Bolted assembly, friction force, clamping force

[Ricky Bobby]

I think I have solved my problem for a friction force between a bolted assembly, or at least I think did. If a torque was given of 267.6 in-lbs and a constant of k=0.2 and the diameter(d) =0.5,
T=k*P*d should equal 267.6=0.2*P*0.5, resulting in P=2676lbs.
Then using the equation:
Tc=F*fc*dc/2
Where Tc=Torque
F= force =2676lbs
fc= collar friction coefficient =0.15
dc=mean collar diameter= dm+1.5dm/2=2.5dm/2=1.25dm: dc=dm*diameter=1.25*0.5=0.625
Tc=2676*0.15*0.625/2
Tc=125.438in-lbs
Then
Tc=ff*n
Tc=Torque=125.438in-lbs
ff=friction force
n=center of bolt hole to outer edge of part =0.46inches
125.438in-lbs=ff*0.46in
ff=272.69lbs?
Seems high for a frictional force for a 1/2 inch diameter bolt.
Any help is greatly appreciated. Thank you for any help you can lend.

 

[KataKoniK]

Hello,

Thank you for sharing your solution for the friction force between a bolted assembly. Your calculations and equations seem to be correct, and I agree that the calculated friction force of 272.69lbs does seem high for a 1/2 inch diameter bolt.

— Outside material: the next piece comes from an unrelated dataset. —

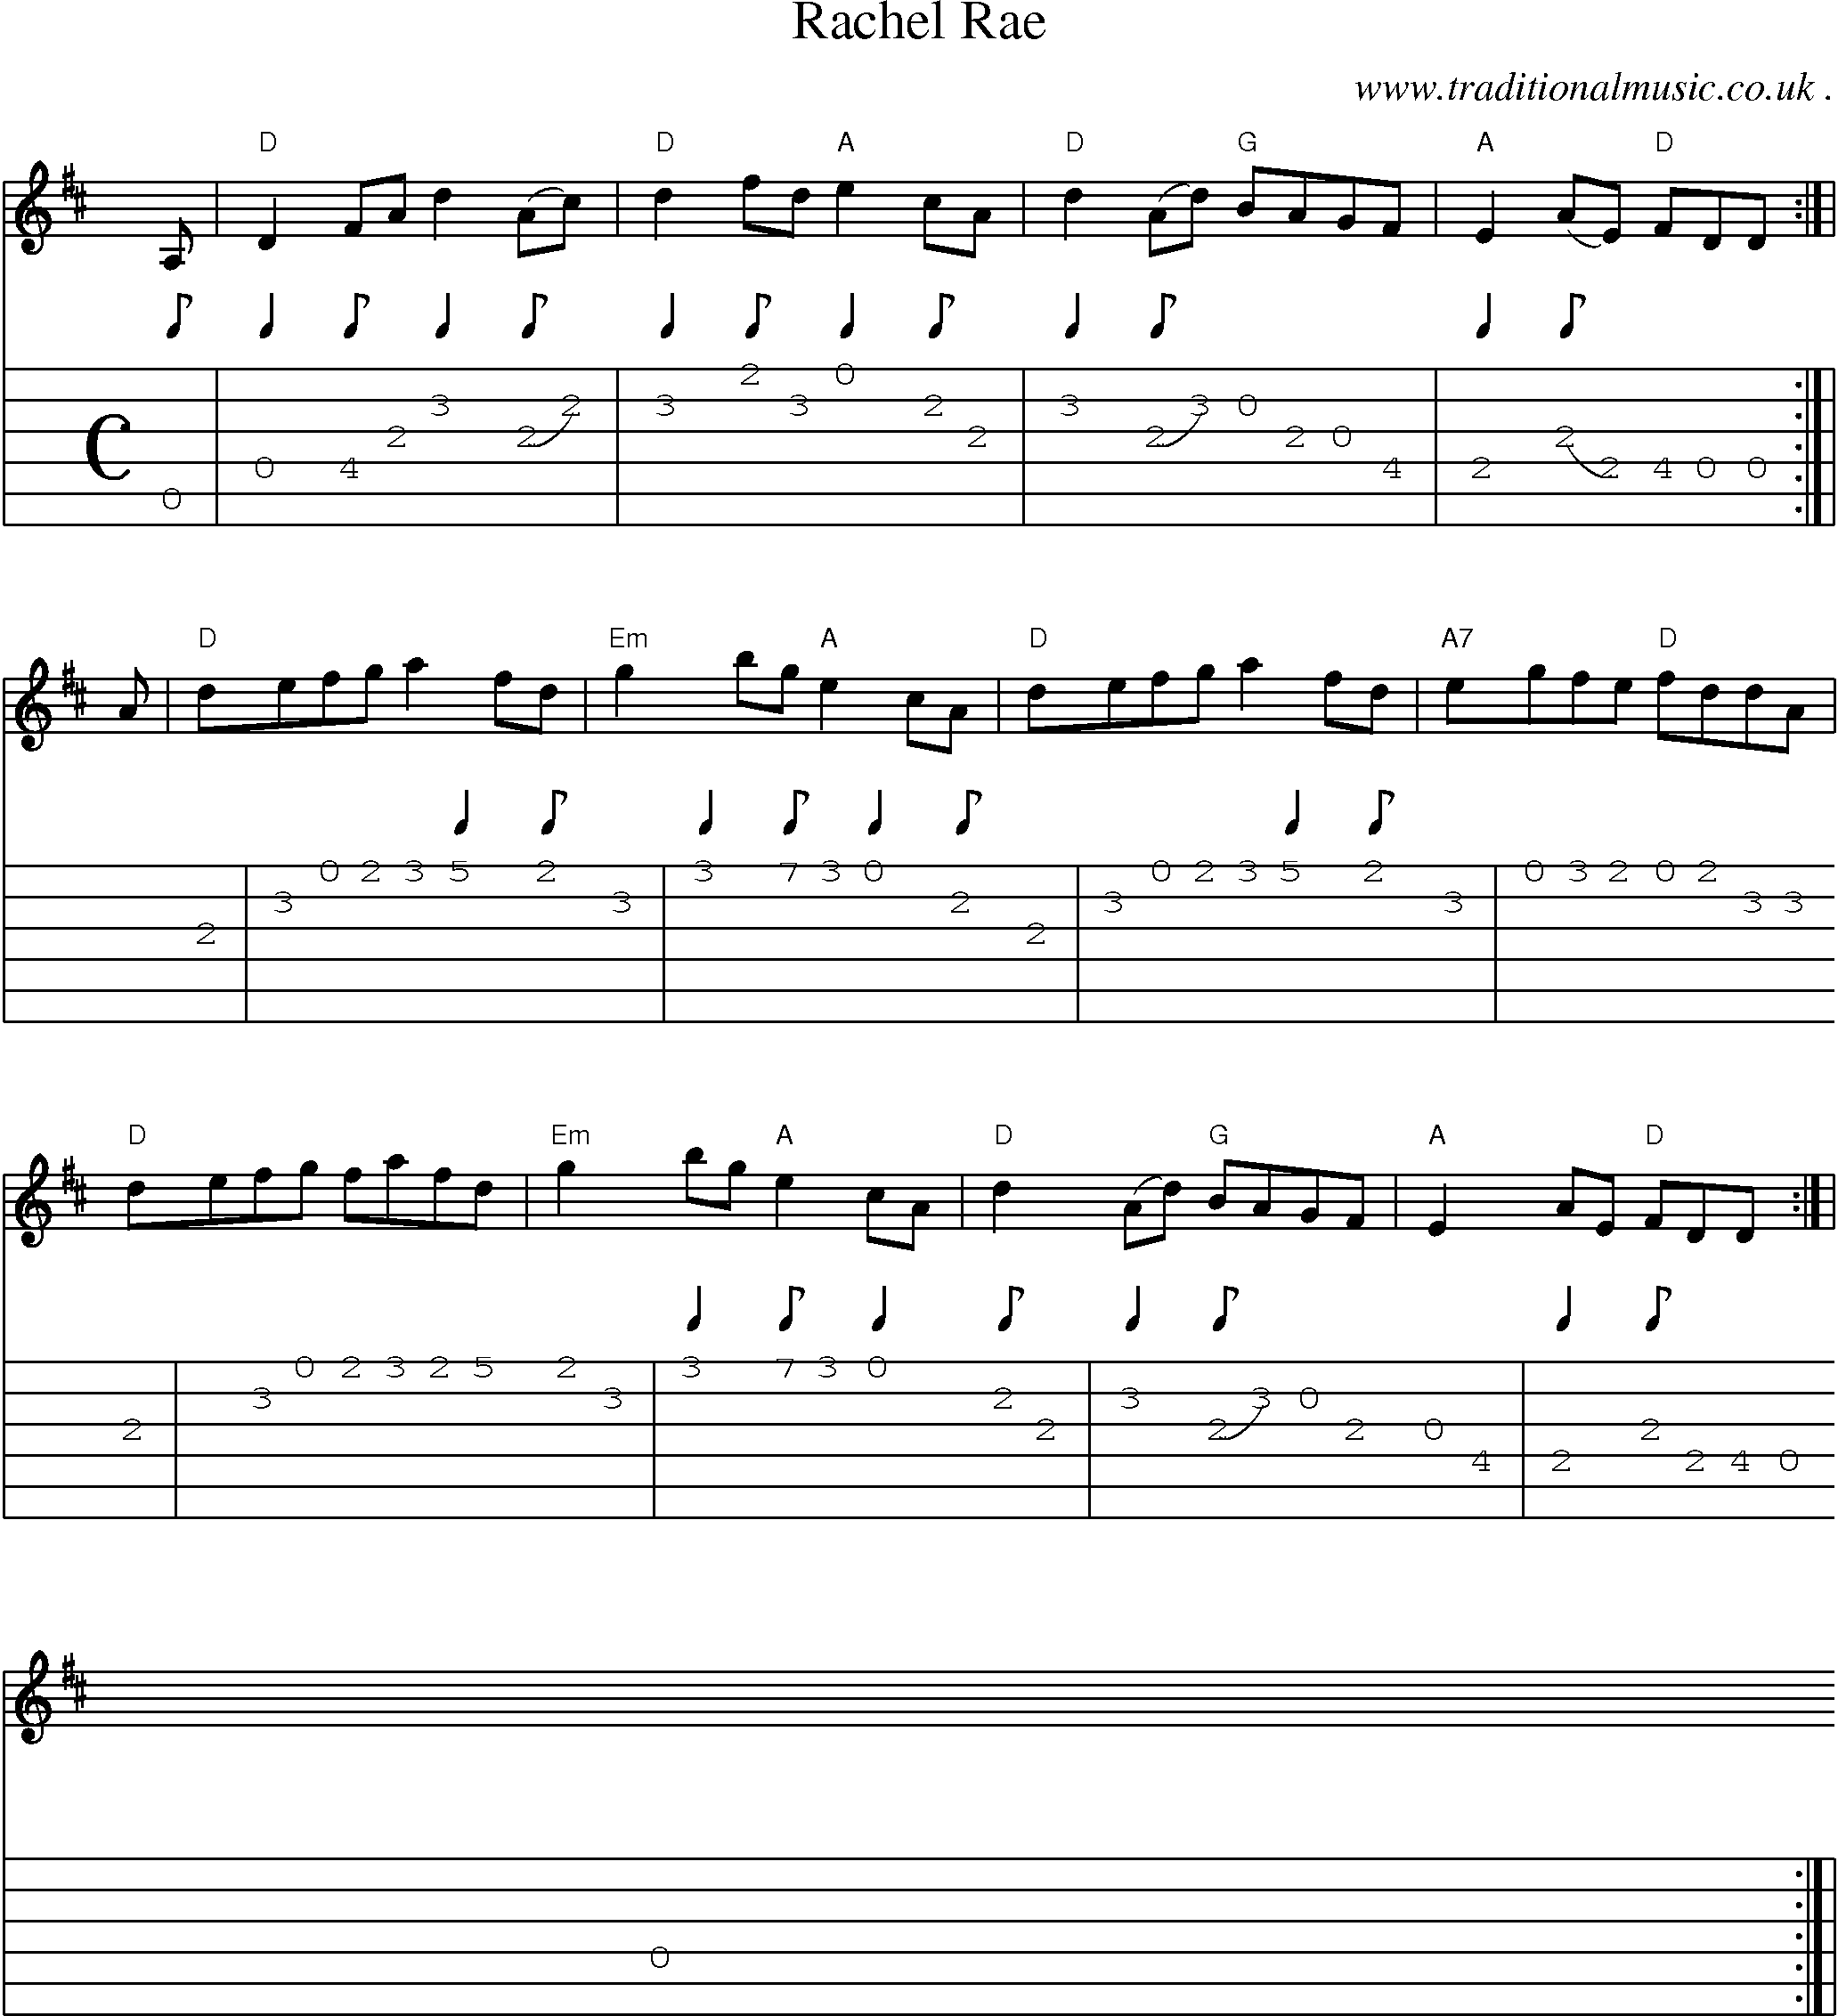 Sheet-music  score, Chords and Guitar Tabs for Rachel Rae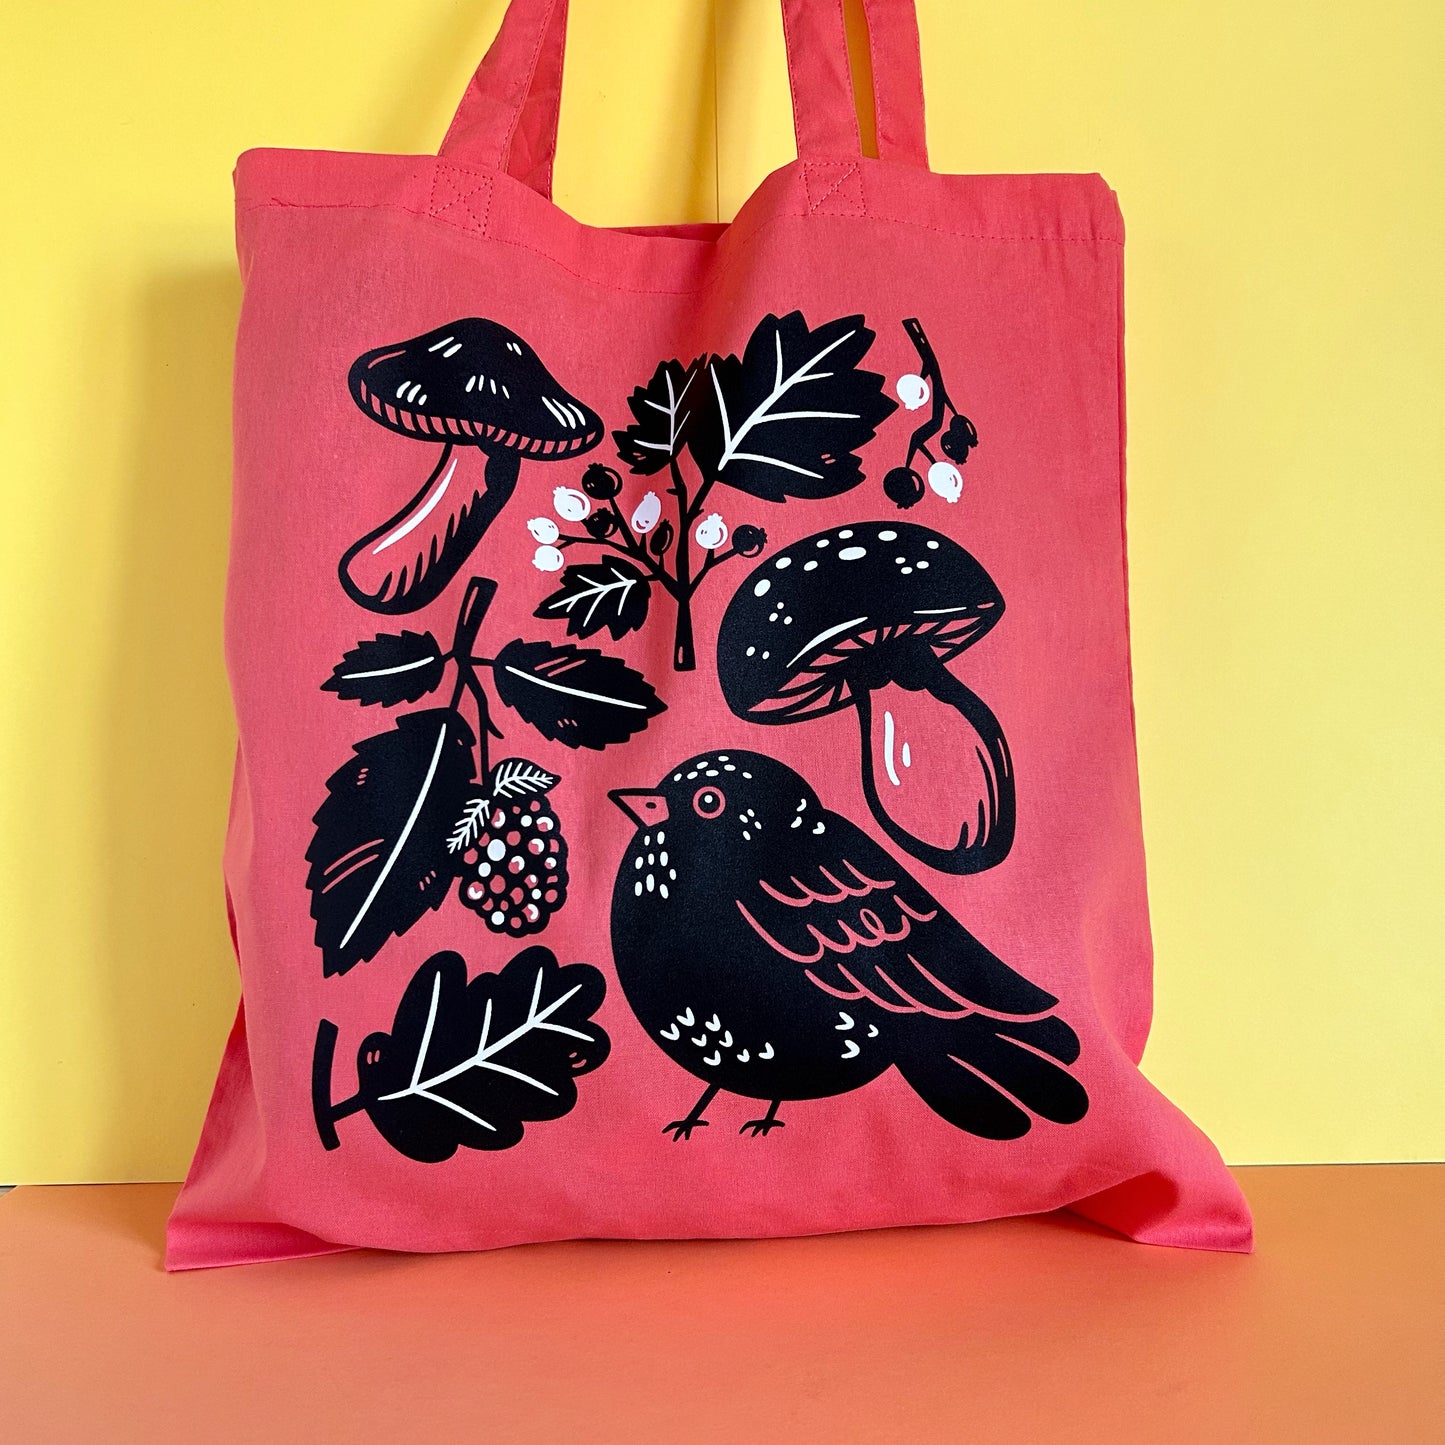 Blackbird Tote Bag in Coral Red

One possible explanation for this could be the assumption of a constant friction coefficient of 0.15 for the collar. In reality, the friction coefficient can vary depending on factors such as surface roughness, lubrication, and contact pressure. It is also important to note that the friction coefficient may not remain constant throughout the entire assembly, as it can change at different contact points.

Another factor that could contribute to the high calculated friction force is the use of a mean collar diameter. This assumes that the collar is perfectly round, which may not be the case in reality. The actual contact area between the collar and the bolt may be smaller, leading to a higher contact pressure and thus a higher friction force.

In conclusion, while your solution may be mathematically correct, it is important to consider the uncertainties and assumptions involved in calculating the friction force in a bolted assembly. Further analysis and testing may be needed to accurately determine the friction force in this scenario.

I hope this helps. Thank you for your contribution to the forum.